Принесли из сарая плошку клюквы. Покачев ловко разворачивал на столе щук, натирал их с внутренней стороны давленой клюквой и осторожно протыкал их палочками, так, чтобы заостренный конец палочки оставался в щучьем теле.

— Так всегда в нашем роду делали. Нельзя, чтобы палочка насквозь проходила, иначе щука на человека обидится и вся сила из нее уйдет.

Рыбаки удивленно качали головами.

— Теперь я поставлю щук к стенкам печки, и пусть они сохнут. — Рассказывал Колька увлеченно. — Как высохнут, можно их в мешок складывать и в дорогу с собой брать. Все ханты в дорогу сушеную щуку берут. Бросишь в котелок с водой, вот тебе и еда. Щука много сил дает.

…Пополнив запасы, ребята погрузились в лодку и поплыли дальше. Рыбаки провожали их всем станом.

— На обратном пути приворачивайте! Будем ждать!

Не успели они доплыть до слияния рек, как услышали перестук копыт. Следом за ними скакал верхами Костюшка.

Ребята заволновались и направили лодку к берегу.

— В деревне был, — сказал, отдышавшись Костюшка. — Я уж при всех не стал говорить. Ищут двух мальчишек. Из детдома сбежали. Участковый в клуб приходил, наказывал, что если объявятся, то ему сообщить.

Костюшка замолчал, а ребята повесили головы.

— Ну, чего засмурели? Рассказывайте, куда путь держите? Я не выдам, а, может быть, подскажу чего или помогу.

— Нам, Костя, обратно никак нельзя. Нам на Шаман надо. –Отвечал Колька. — Нам надо родственников найти. Там на Шамане наши чумы стоят.

— А точно найдете? — Засомневался Костюшка. — Про Шаман-то я слыхал. Богатые места, но нехоженые. Там где=то говорят, в старину раскольники скрывались от царских властей. Это надо вверх по Кондасу подниматься.

— Я, Костя, дорогу найду. Не сомневайся. Я ведь вогул. В тайге вырос.

— Ну, коль так, больше задерживать не стану. Зверя в тайге берегитесь.

Он подошел к лошади и вытащил из-за седла старенькую берданку.

— Держите. В тайге без ружья нельзя. Вот и патроны к ней. — Костюшка протянул ребятам туго набитый кожаный подсумок. — Обратно пойдете, вернете.

…Костя забрел в воду, сильно оттолкнул лодку. Скоро ее вынесло на течение.

Все те же черные птицы кружили над рекой и утлой лодчонкой, на которой два юных существа отправились в безрассудное путешествие в поисках земли, где царят добро и справедливость, любовь и добросердечие, в страну Живого Огня.
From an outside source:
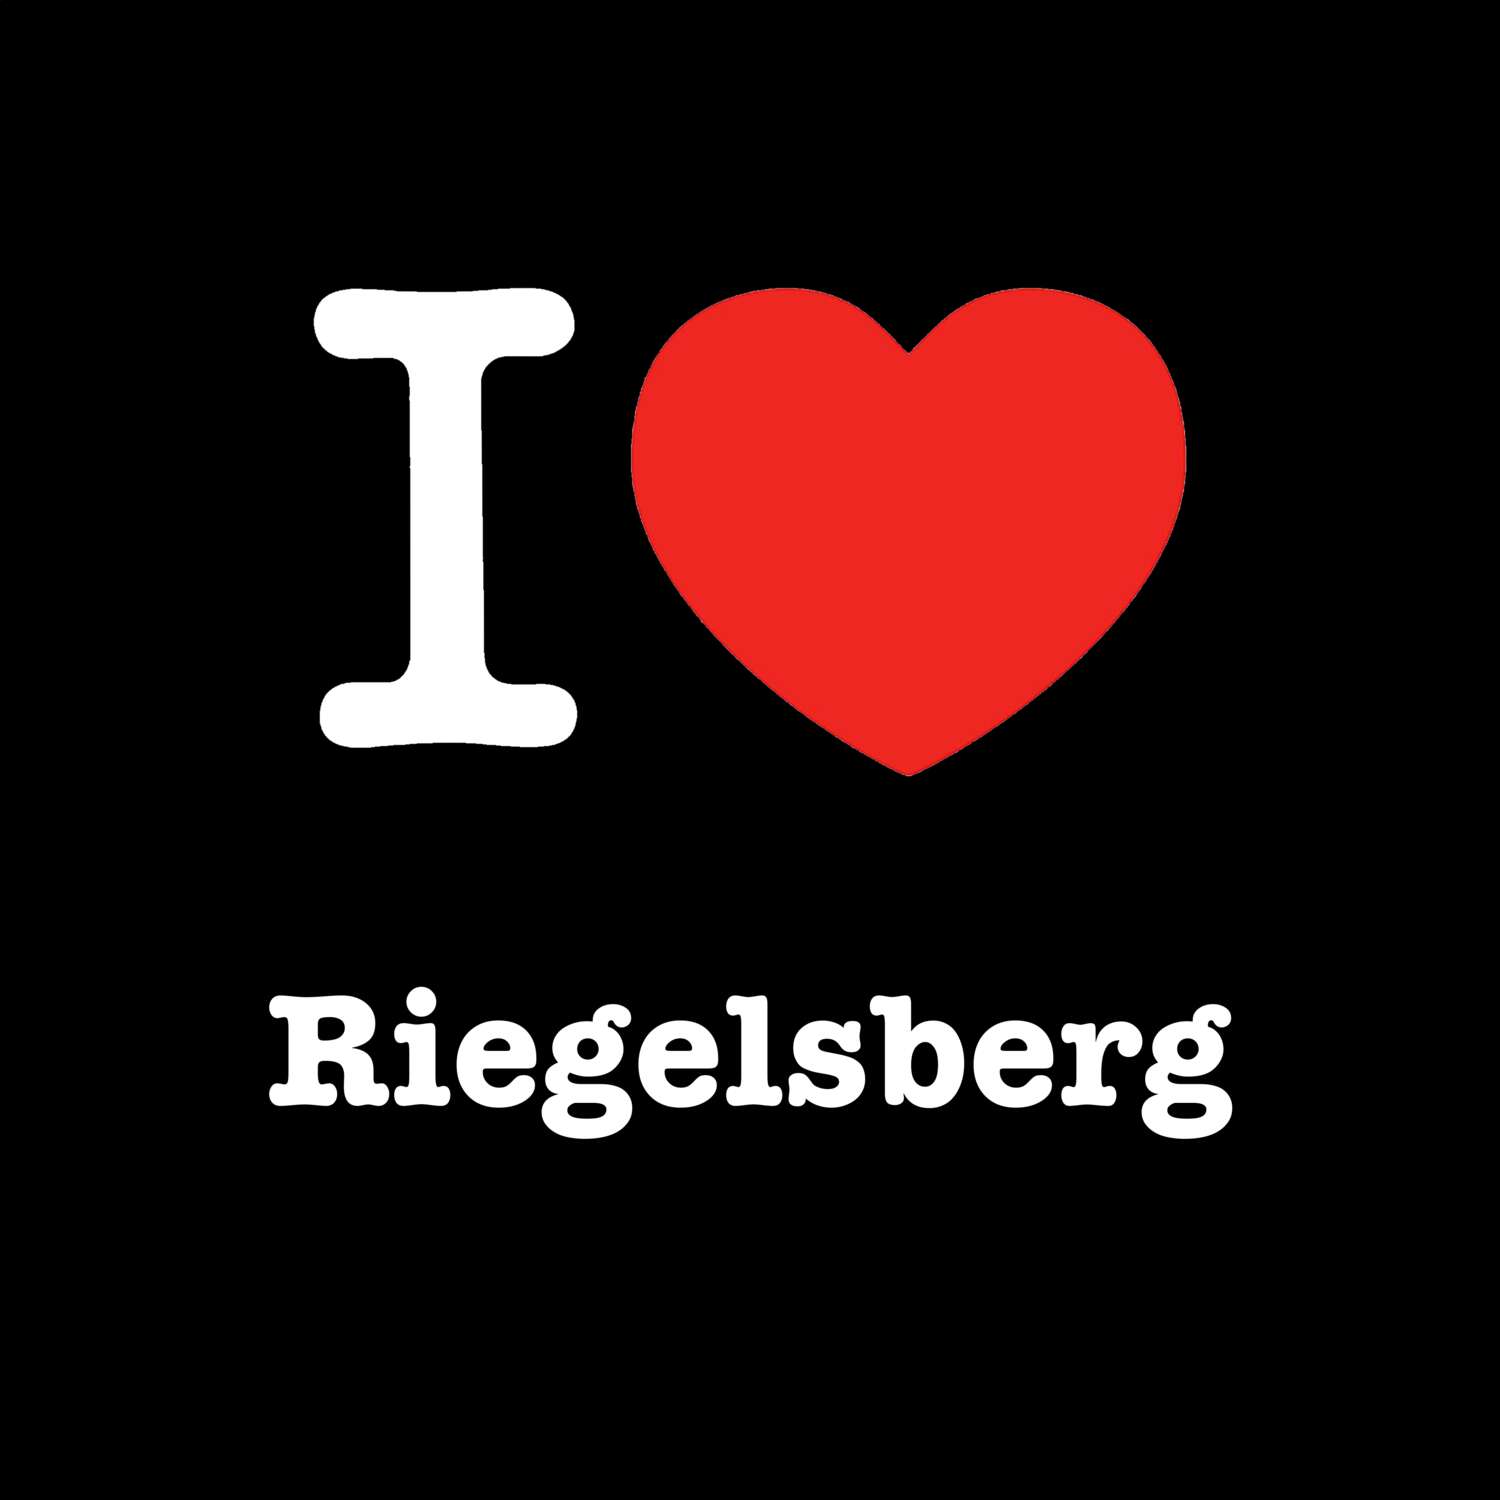 Riegelsberg T-Shirt »I love«

И если посмотреть сверху, с той высоты, где кружат черные птицы, то увидеть можно, как великая река рассекает гигантские пространства бесконечных озер и болот, разъединенных узкими перешейками лесов. Небольшие гривы кедрача и снова озера и болота, болота и озера, насколько видит глаз.

Малопригодная для жизни земля, доставшаяся людям, рыбам, птице и зверю в наследство от великого потопа, вызванного растаявшим в древние времена ледником.
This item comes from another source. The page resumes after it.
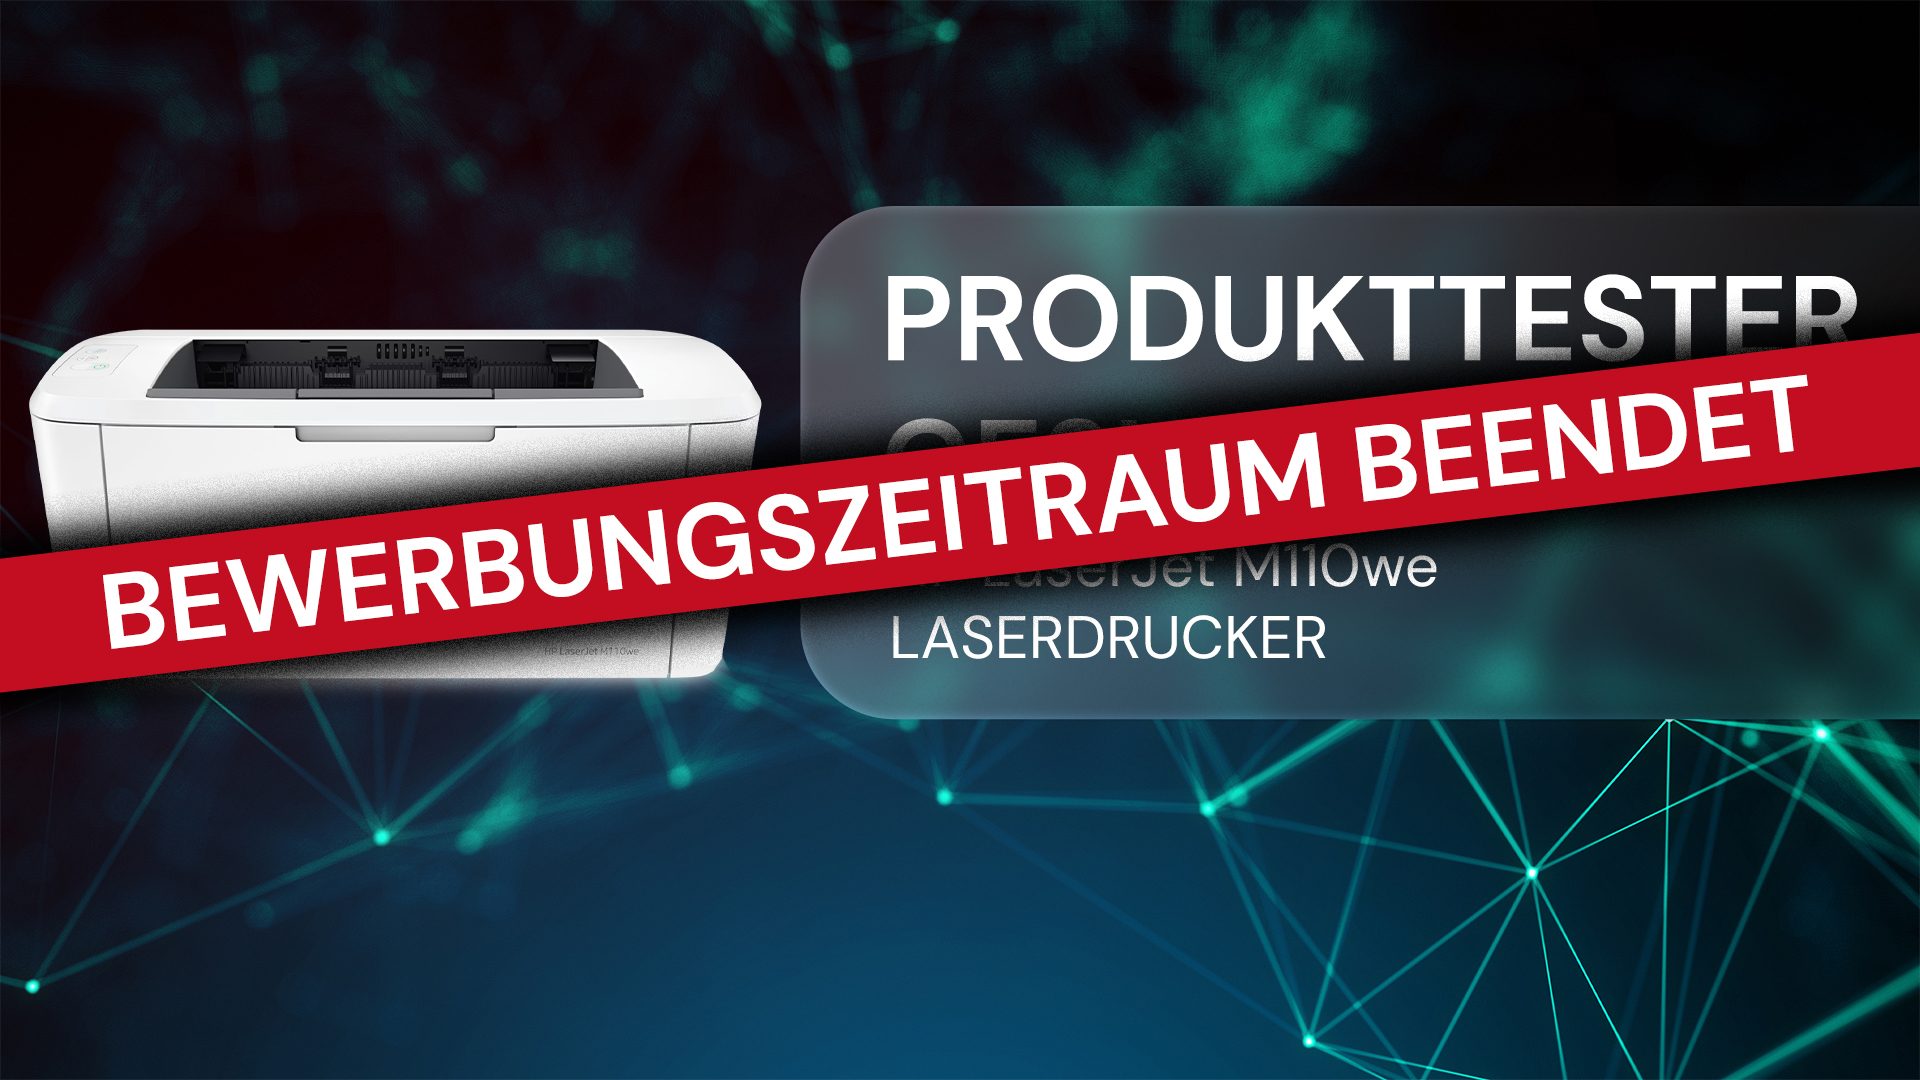 Kostenloser Produkttest zum HP LaserJet Partner OFFICE @ Laserdrucker M110we

Для случайного, пришлого покажется она сумрачной, неприютной. Только случайных людей здесь не случается…

В тайге

Лодку спрятали в устье Кондаса под нависшими над водой ветвями ив. Дальше путь их лежал через тайгу и болота. Но ребят не страшила дорога. Колька хорошо ориентировался в тайге по солнцу, по свету звезд, по лишайнику, нараставшему на елках с северной стороны.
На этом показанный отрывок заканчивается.